• _GIVEN INFORMATION_:
--- START ---
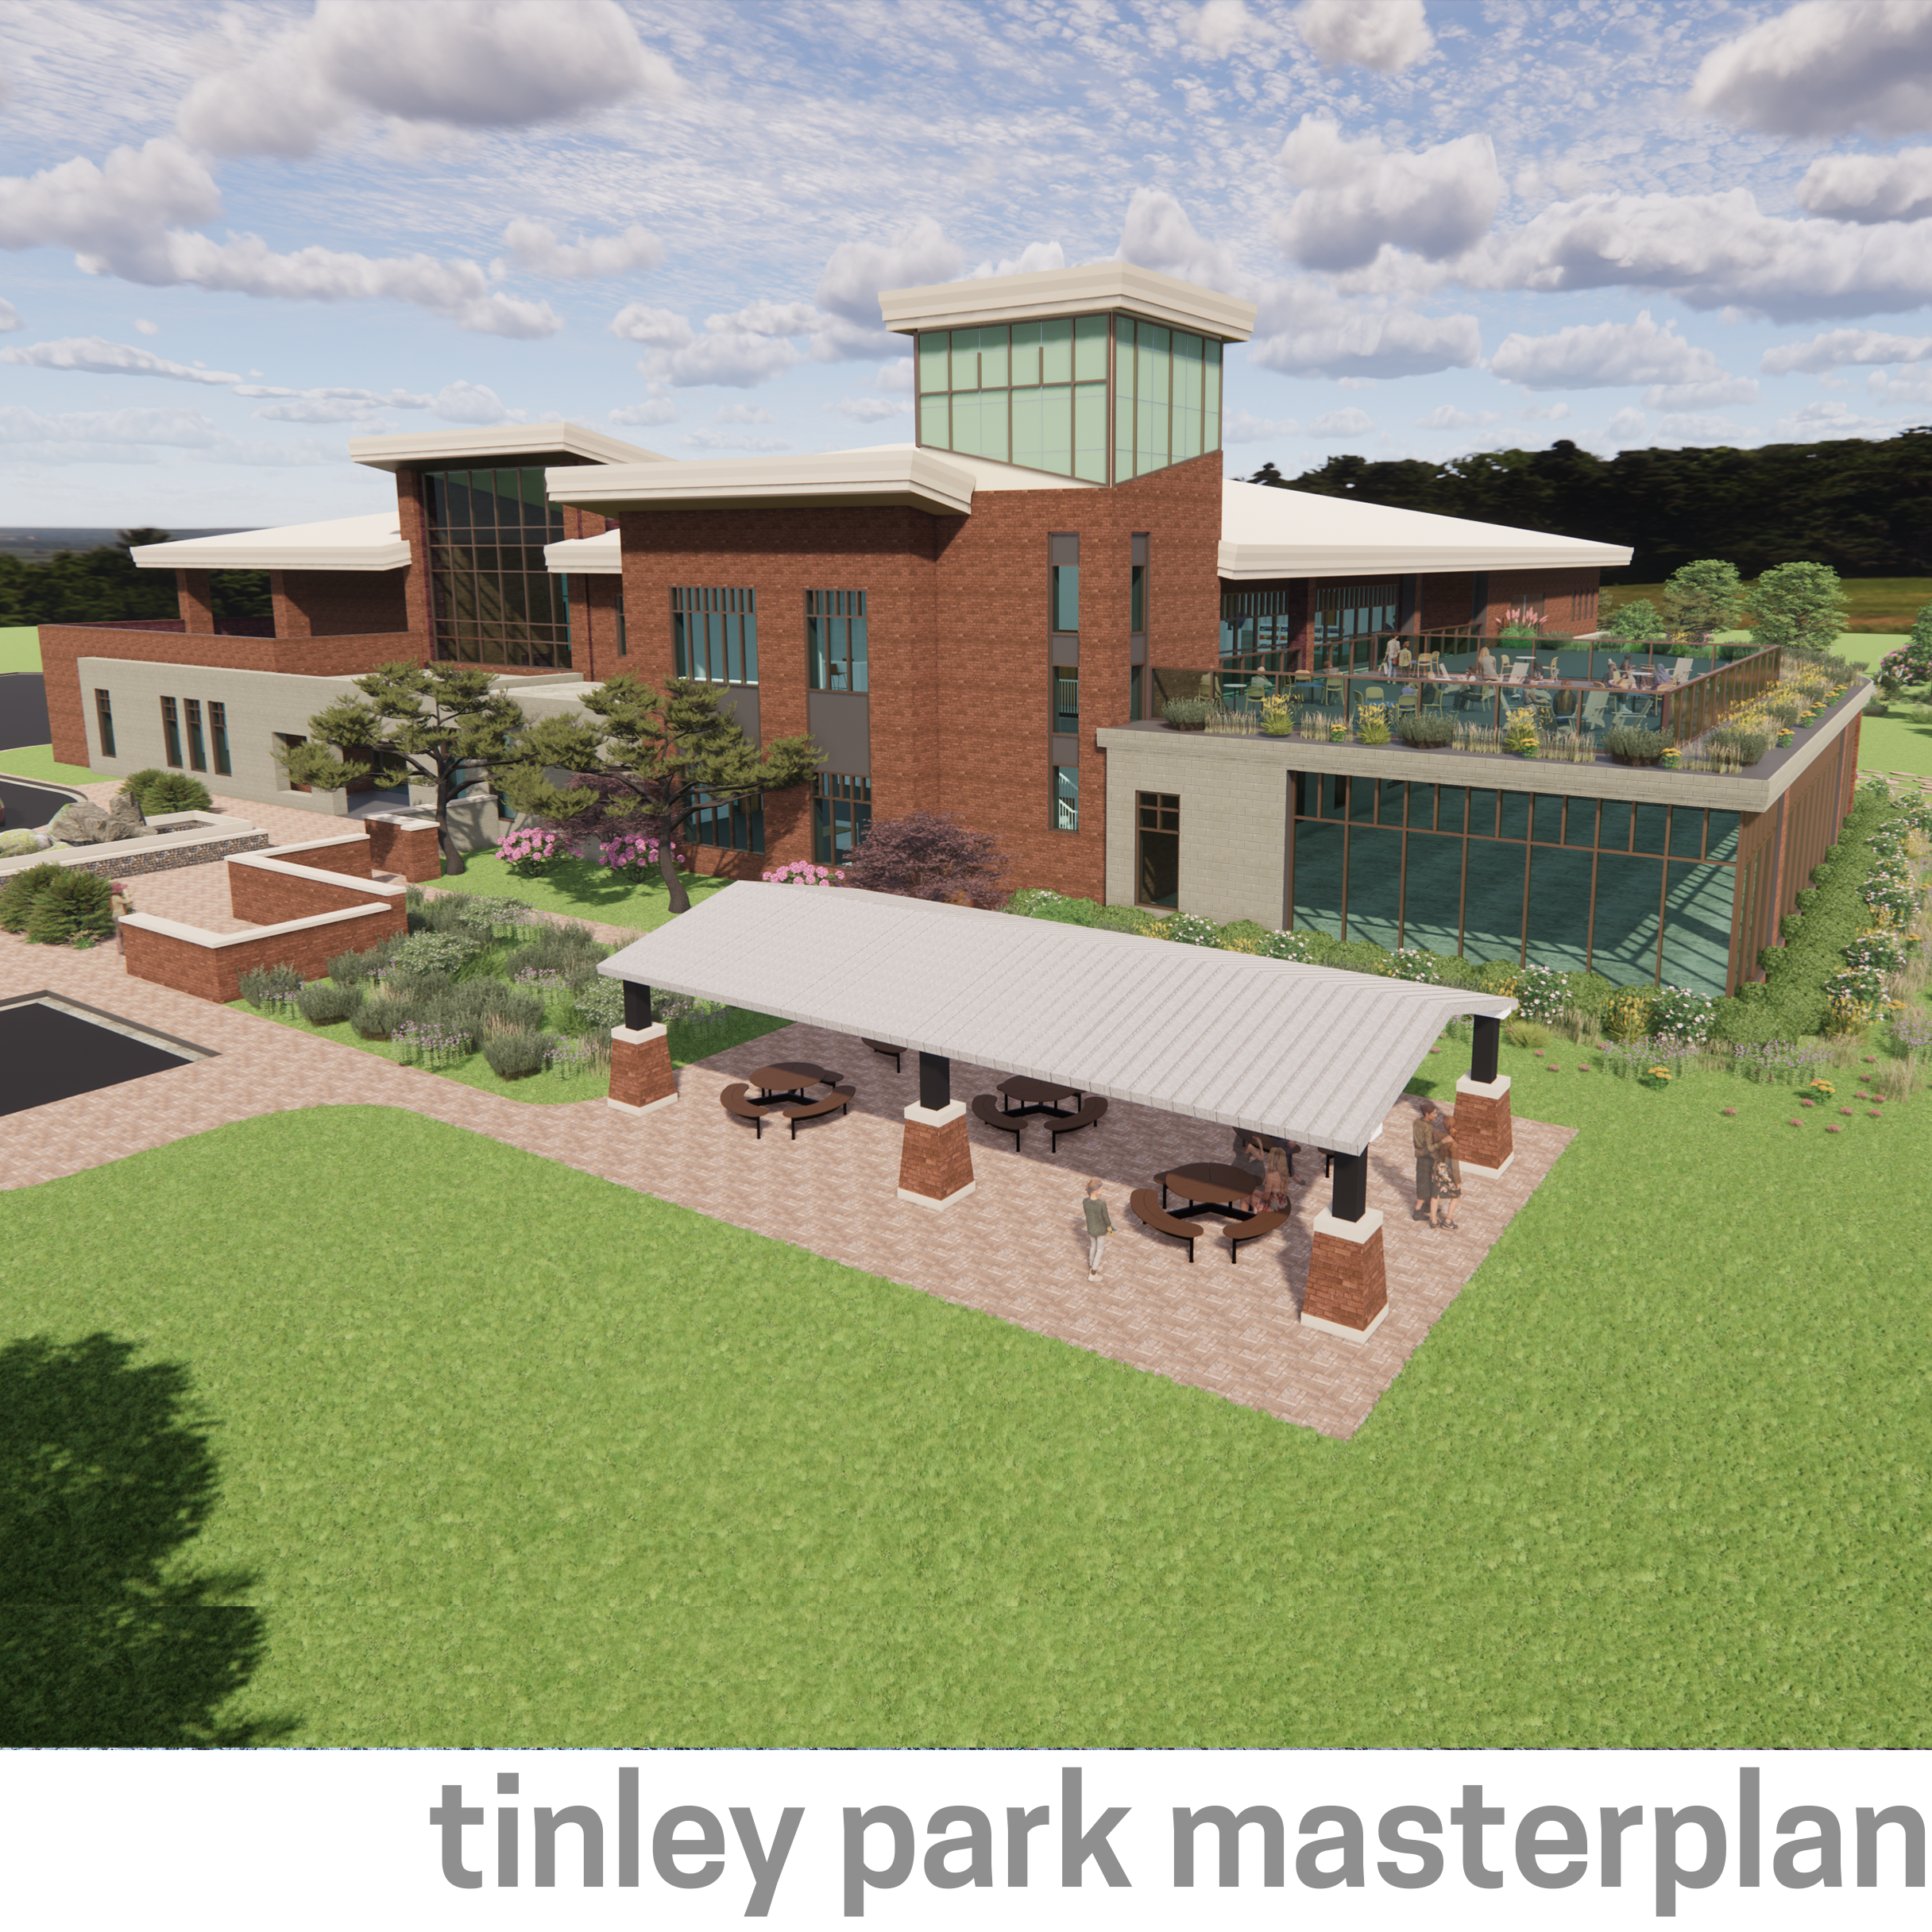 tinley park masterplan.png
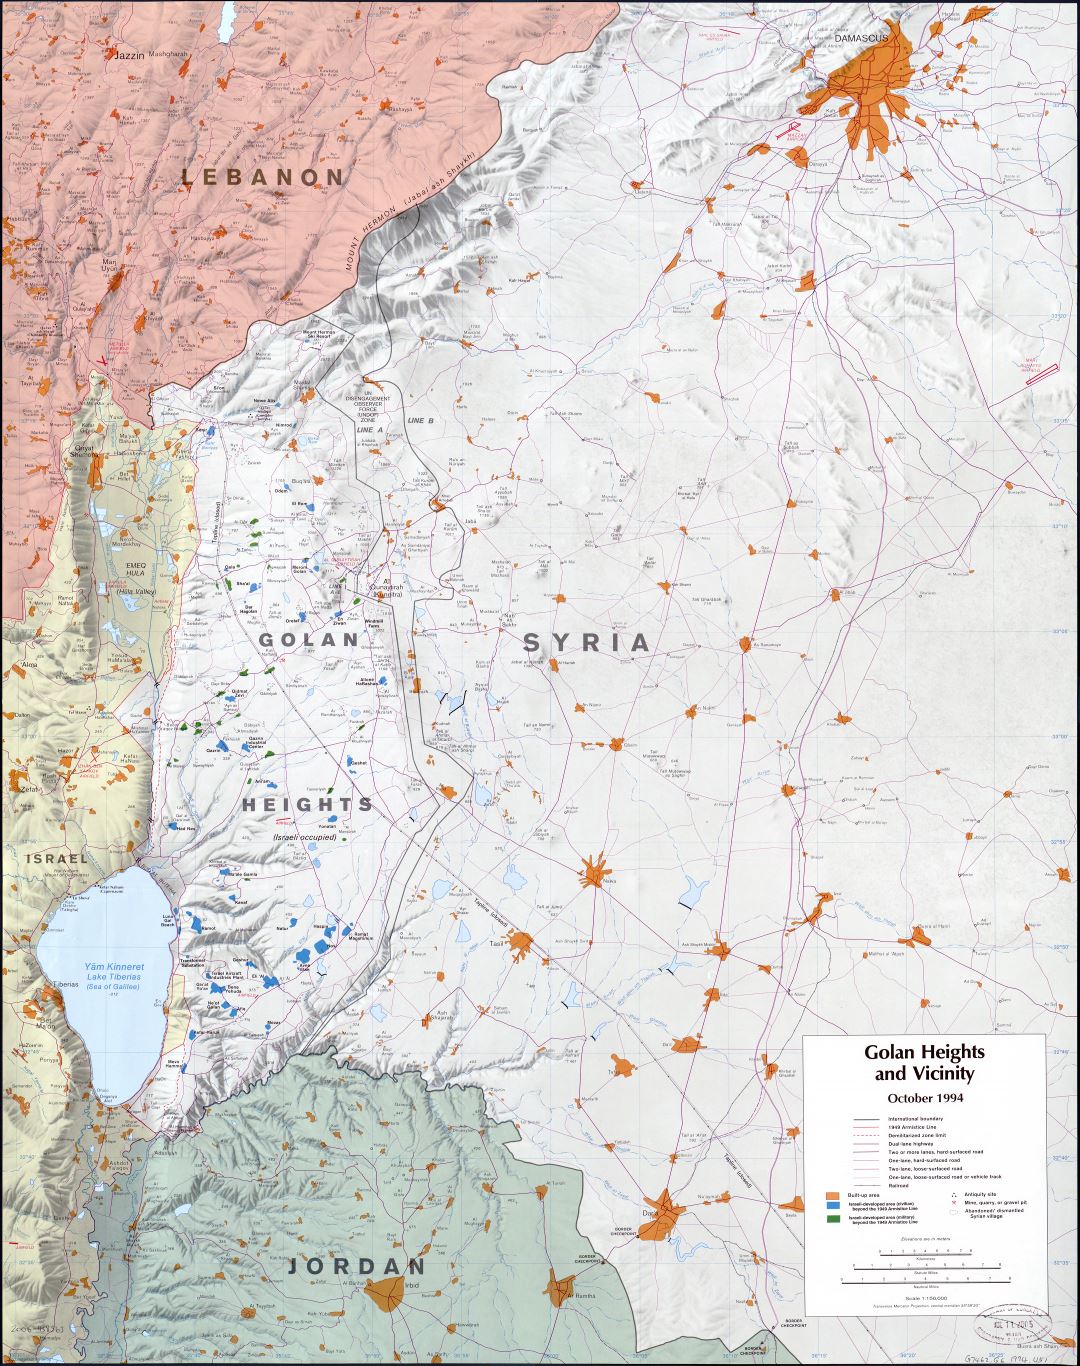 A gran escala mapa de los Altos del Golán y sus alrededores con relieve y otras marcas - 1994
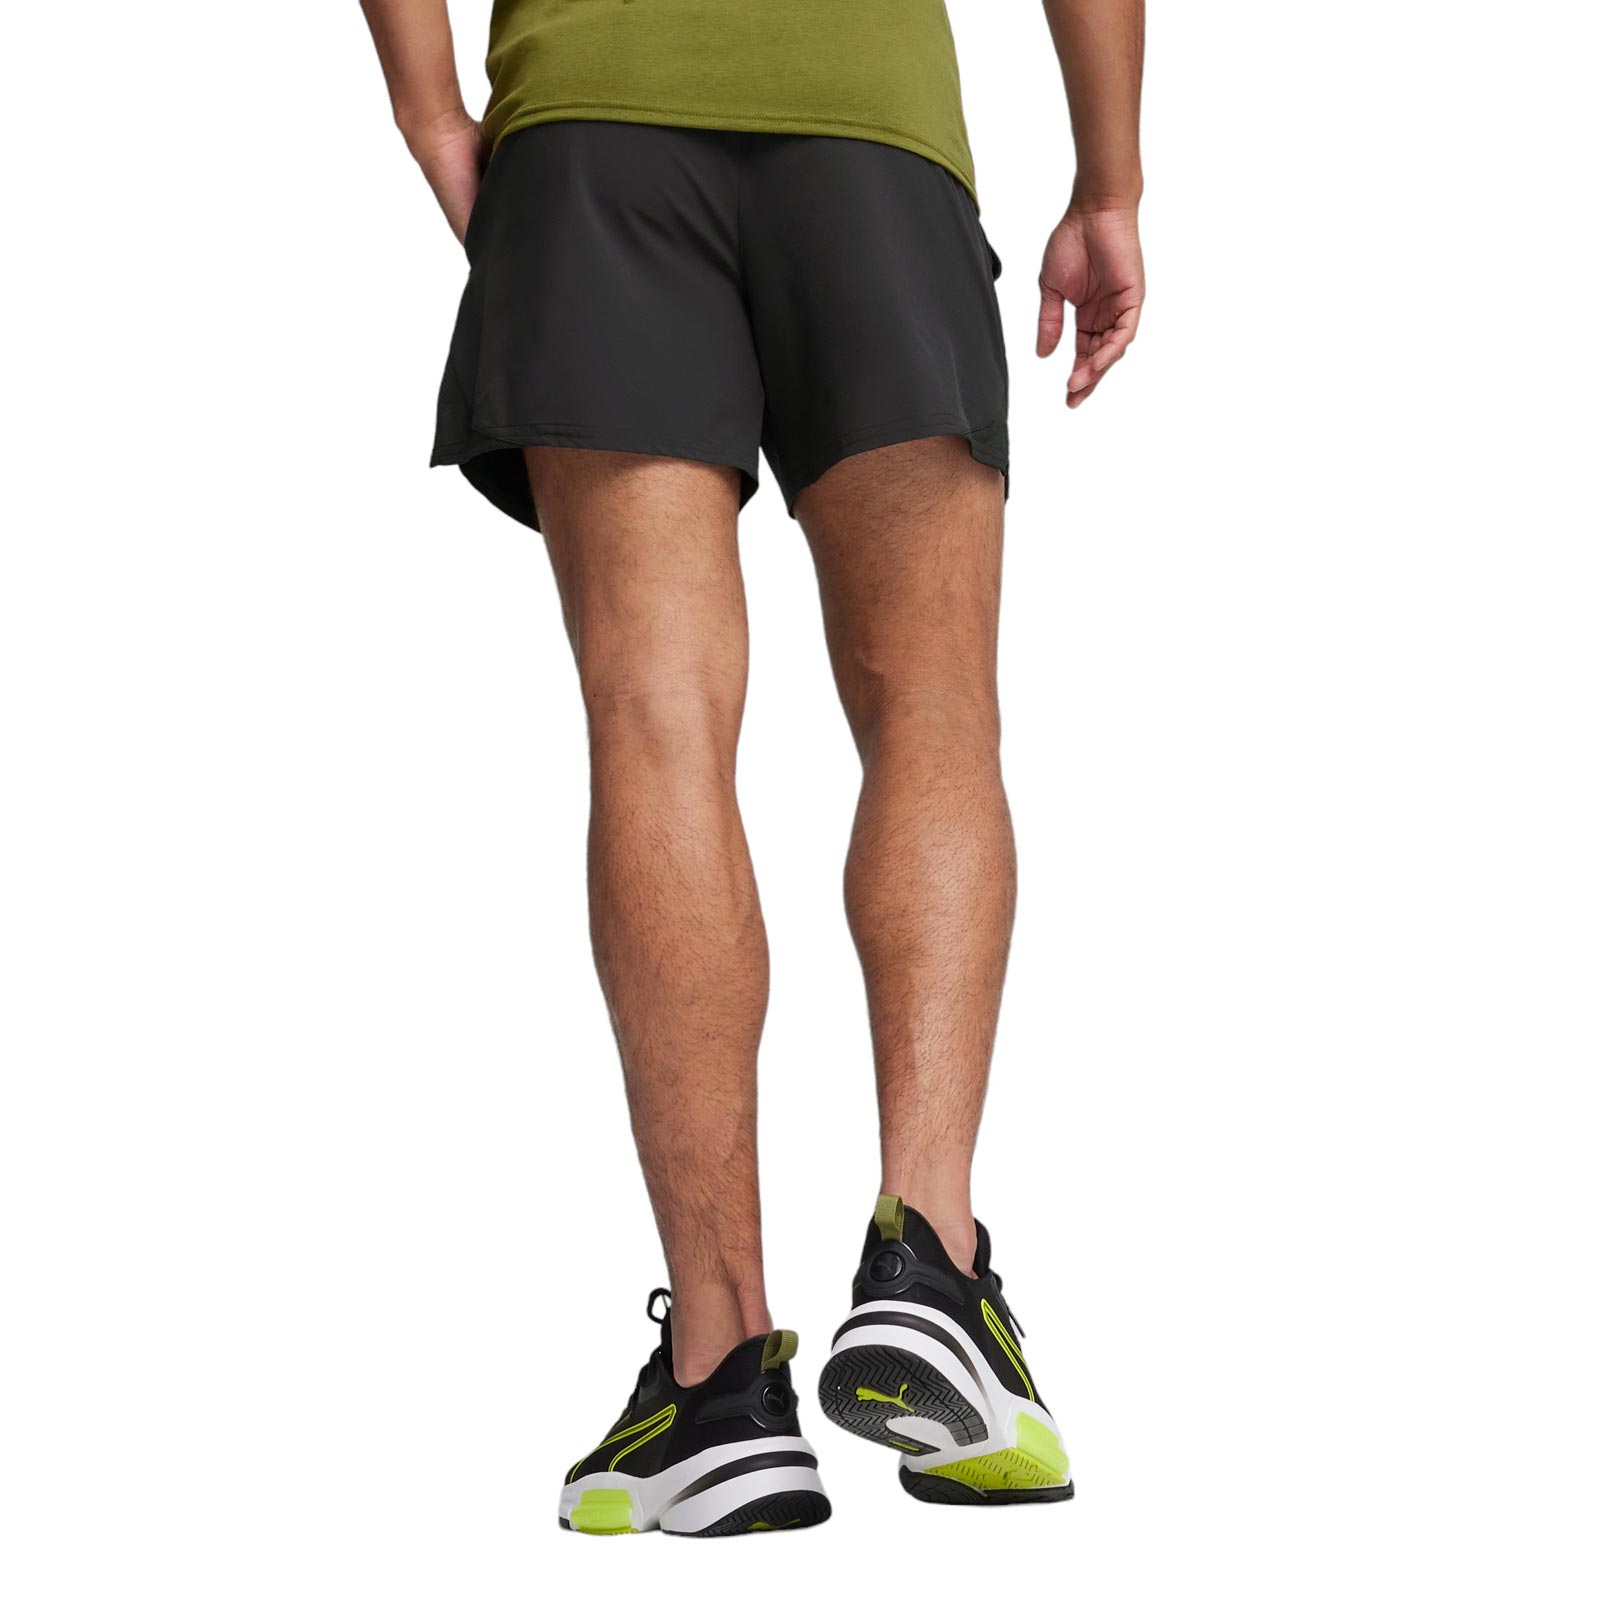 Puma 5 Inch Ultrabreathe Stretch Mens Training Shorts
--- END ---
• _PROBLEM DETAILS_:
Copy the data exactly. Pictures do not belong in the copy.

• _WRITTEN REPLY_:
 tinley park masterplan.png
 A gran escala mapa de los Altos del Golán y sus alrededores con relieve y otras marcas - 1994
 Puma 5 Inch Ultrabreathe Stretch Mens Training Shorts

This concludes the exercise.